For Part II, I chose video ( WATCH VIDEO HERE ) as my medium because I wanted to use the affordances of video. This medium allowed me to incorporate written text, still visual images, moving images, and music. I could order and pace the presentation of the material. I realized that I could neither just restate the words of the essay nor cover all of the topics of that paper; therefore, I selected one main point, i.e., the overblown fears arising from society’s prevalent technologically-deterministic approach to understanding the social effects of new one-on-one communication technologies have existed since the introduction of the telephone. Video’s “hybridity” (Mary Hocks, “Understanding Visual Rhetorics in Digital Writing Environments,” 637) allowed me to show, for instance, a scene from the movie You’ve Got Mail, display text, and play music.
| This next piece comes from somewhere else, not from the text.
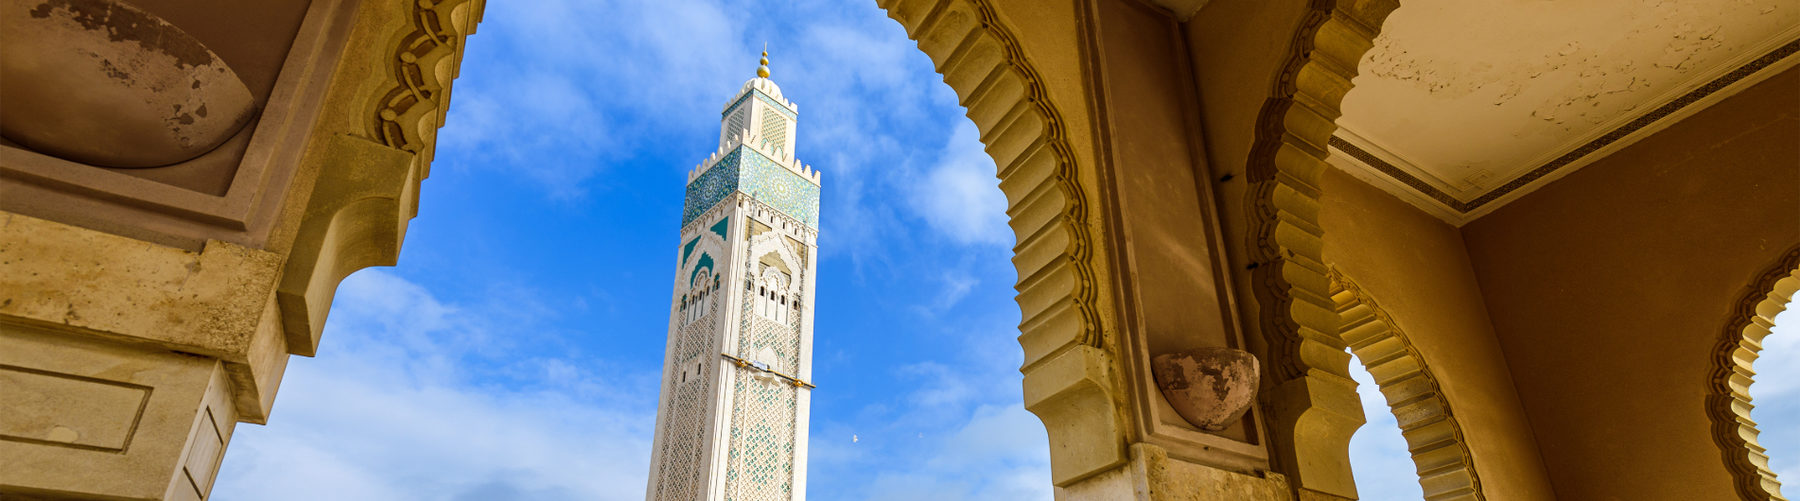 Medinas of Morocco Tour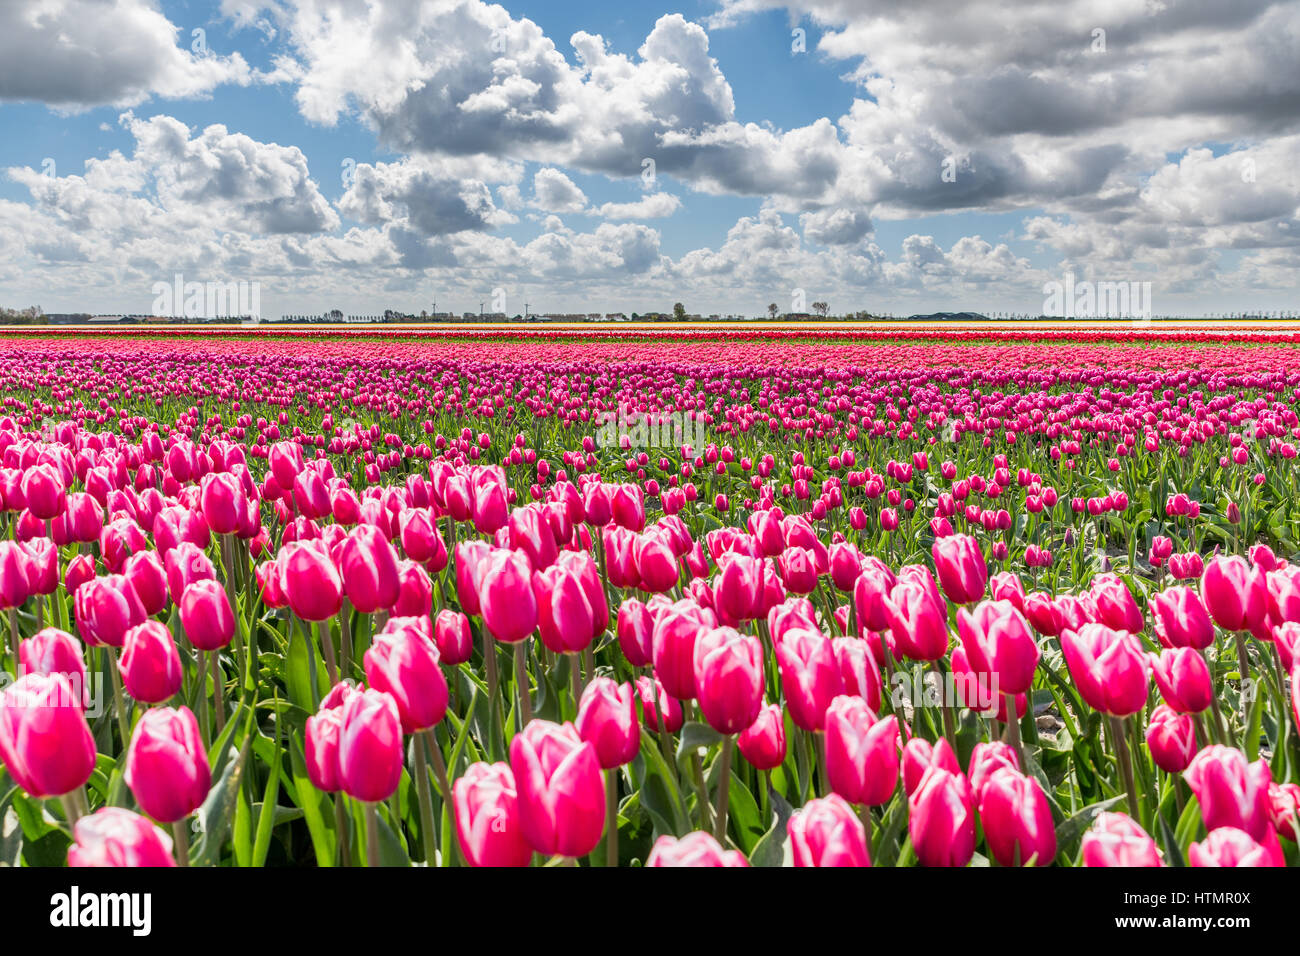 Champs de tulipes en Hollande lors d'une journée ensoleillée au printemps. Les champs sont en fleurs et le ciel au-dessus est bleu avec des nuages blancs. Banque D'Images

I wanted the construction of the composition to put the viewer in the “audience stance” (Hocks, 635) of seeing that movie clip, reading about fears of meeting someone on the other end of the one-to-one communication technology, and concluding that the discussion was about email and instant messaging while creating the tension of showing visual images from the 1920’s, 1930’s, and 1940’s about the telephone and fears surrounding it. The reason for such juxtaposition was to illustrate and have the viewer experience the fact that the worries people have had about the social effects of email and instant messaging are nothing new. Video afforded me the opportunity to run two parallel vectors of rhetoric in ways that a strictly printed essay might not be able to do as effectively. Mary Hocks would say that video is a very “transparent” medium because audiences are very familiar with it and its use (Hocks, 632), such as for narratives.
The remediation of my essay into video altered my message because the affordances of video prompted me to emphasize the main point. It allowed the reader to become a viewer and hearer and experience the message in a new way. Jay David Bolter and Richard Grusin write, “What is new about new media comes from the particular ways in which they refashion older media and the ways in which older media refashion themselves to answer the challenges of new media” (Bolter and Grusin, Remediation: Understanding New Media, 15). My video refashioned my initial printed essay, film, and music by including parts of them and placing them in the digital audio/visual environment. My final printed essay refashioned my ideas for the video because the video alerted me to my need to more clearly focus my argument. I thought that the experience of writing an essay, remediating it, and then reflecting on it was an appropriate way to bring a Digital Rhetoric course to a conclusion.